Slippery queers

Good show, strange premise

One of the interesting things about the idea of queerness is that it often brings up more questions than it answers. As language and meaning evolve, the word queer grows distant from the concept it refers to. Sometimes the words gay and queer seem interchangeable. For example, Sinbad In The Rented World, the latest exhibition at the Art Gallery Of York University, claims that it is “devoted to exploring the queer aesthetic in Toronto art,” but really comes off as a gay male show.

The show is spawned from filmmaker Jack Smith’s perpetual question, “Could art ever be useful?” Today the question seems rhetorical. If art were not useful, we wouldn’t bother to keep making it. Gallery director Philip Monk twists Smith’s question and asks the participating artists to ponder queer art’s social function.

Last I checked, queer was a rather inclusive idea, and there are lots of queer women and trans folks making art in Toronto. As such, Sinbad does not explore the queer aesthetic as it claims, but rather explores one person’s ideas on queer aesthetics. After all, is there really a specific visual style that makes art queer? Can an artist who maintains a strictly gay identity be queer? Can a straight woman?

To those in the know, the artists of Sinbad are a diverse group of people. To those not, this show will appear as another collection of work by gay men. Rather than asserting claims of queerness, perhaps this show could have promised to promote the work of hip young homos. It would have done a fine job in the process.
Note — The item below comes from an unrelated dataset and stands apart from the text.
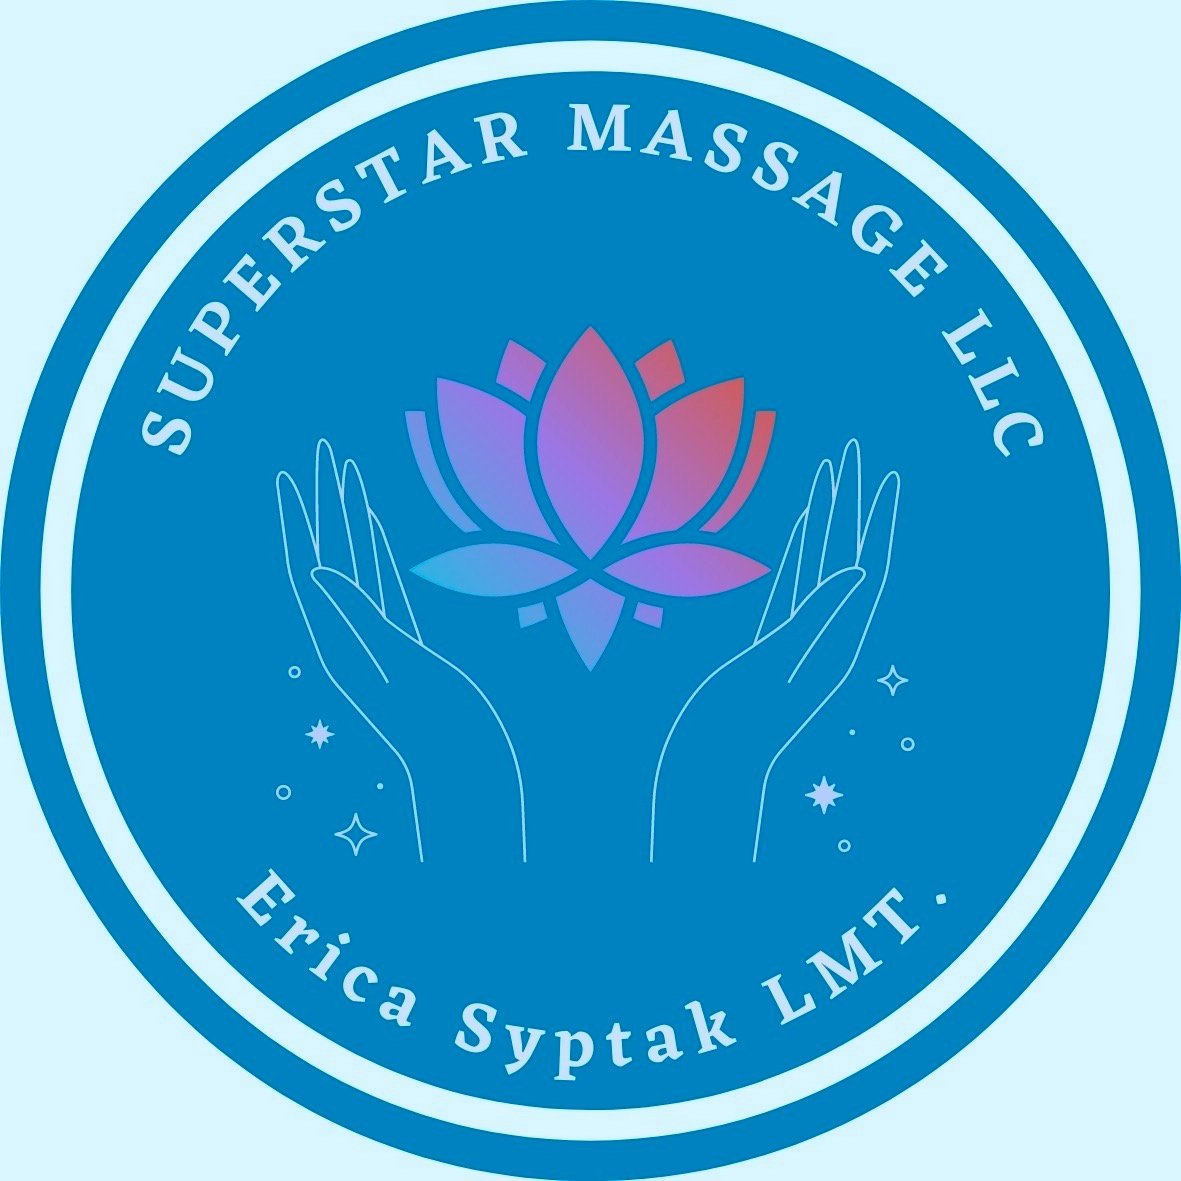 Superstar Massage LLC.

Slippery curatorial claims aside, this show has some really nice work in it. Upon entering the gallery one is greeted with Jeremy Laing and Will Munro’s Virginia Puff Paint, a laced and bedazzling orifice drapery complete with a performance documentation video. Watching Laing and Munro perform is like watching a lacy, supernatural peep show addressing our inability to understand sexuality – and celebrating it at the same time.

Joel Gibb’s work consists of lovely felt banners and hand painted album covers from his band The Hidden Cameras. Gibb also presents the hypnotic “Golden Streams” video with, you guessed it, golden streams aplenty. His installation has a jubilant, church-revival feel to it. The work maintains a sense of simplicity while still getting its point across.
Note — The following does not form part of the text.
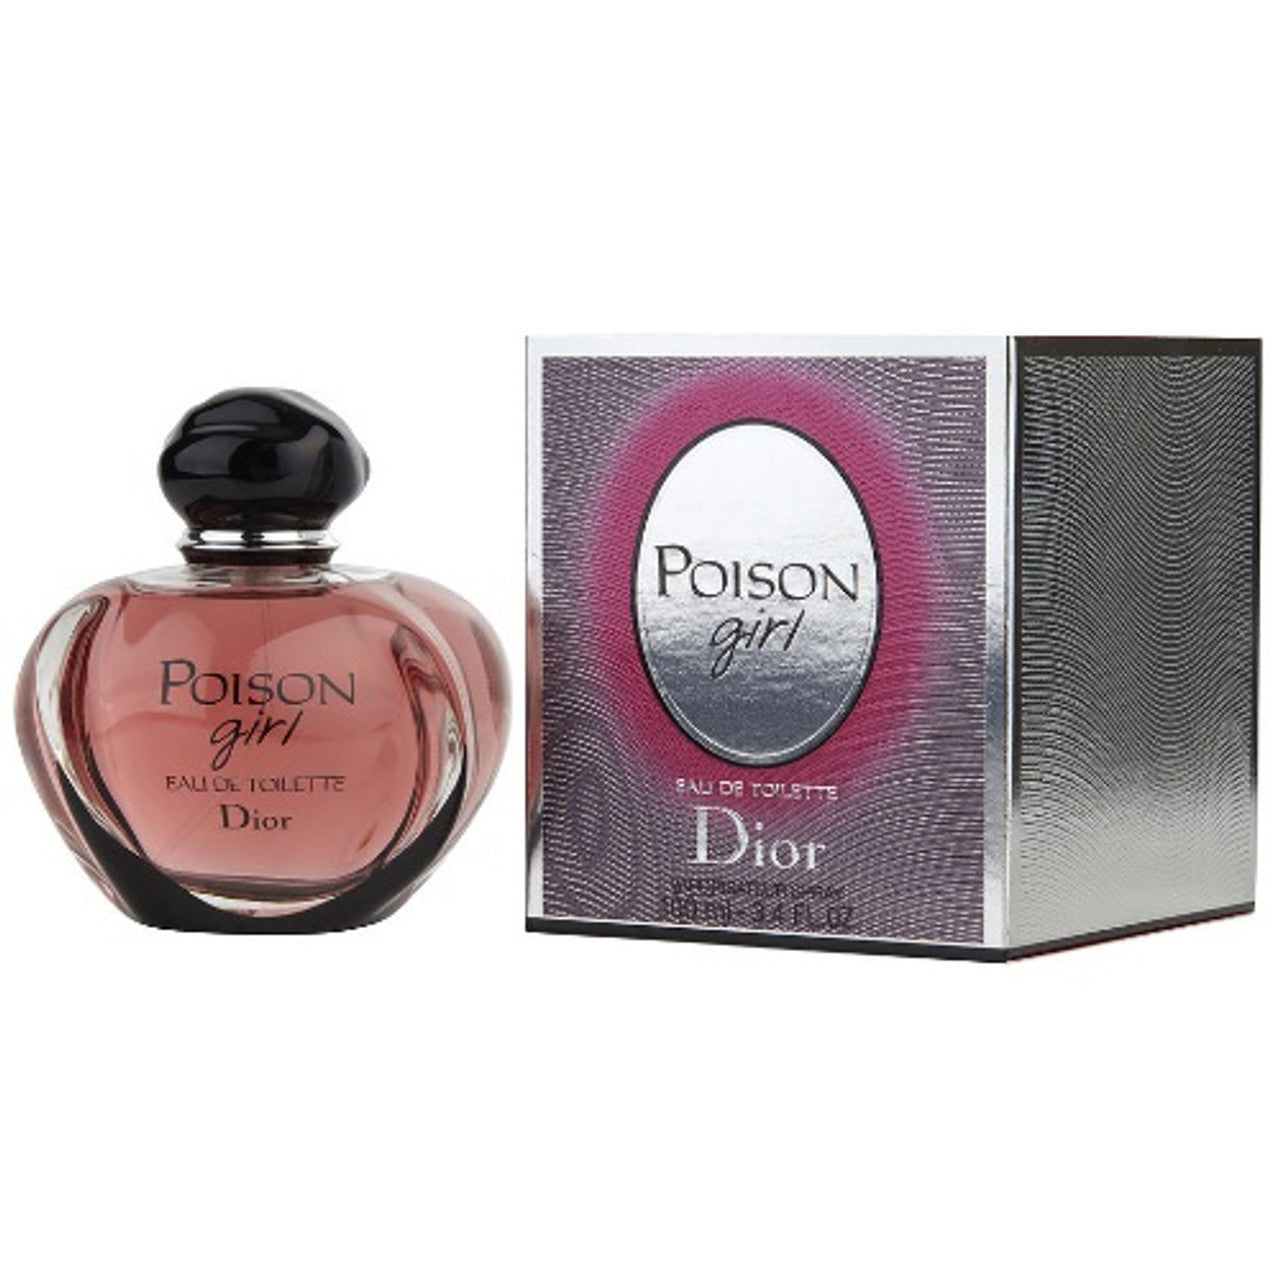 Poison Girl by Christian Dior 3.4 oz EDT Spray for Women

The Ensemble Of Tops ‘N’ Bottoms (Karen Azoulay and Gibb) present photographs from their ongoing dress-up party project. They read as a DIY-primer on unconventional ways of wearing clothes.

Tucked away in a tiny corner of the gallery lies Scott Treleaven’s work. A new issue of his old zine The Salivation Army is free for the taking. The zine is a collection of work old and new, and is easily worth the bus fare (though, as a contributor I’m biased). Also playing is Treleaven’s Salivation Army video, a piece that never seems to lose its edge despite having been screened several times in Toronto. His work appears slightly awkward testing gallery waters. The teeth and claws of the revolutionary don’t quite know what to make of pristine white walls.


Much like every group exhibit, Sinbad has hits and misses. Andrew Harwood’s Self-Portrait consists of a pile of sequins that is supposed to be equal to his weight. It’s sort of a nice idea, but the piece winds up dwarfed by the huge gallery space. When I look at it I can’t help but think, “They spent how much on this piece?”

One of the largest walls in the gallery is covered with Portuguese scrawlings found by Ian Phillips. The indecipherable words on craft paper ask questions about authorship, aesthetics and value. Phillips can’t claim authorship for the work, it arguably doesn’t have a sense of aesthetics, and well, what’s the point, really? Viewers familiar with Phillips’ impressive books will ultimately leave this piece scratching their heads.

Sinbad brings together a nice collection of work. Unfortunately, I suspect viewers who don’t already have an entry point will be left confused. The printed material regarding the work is scant and obtuse. However, don’t be distracted by the convoluted premise, and hop on the bus to see what’s going on in the land of academia.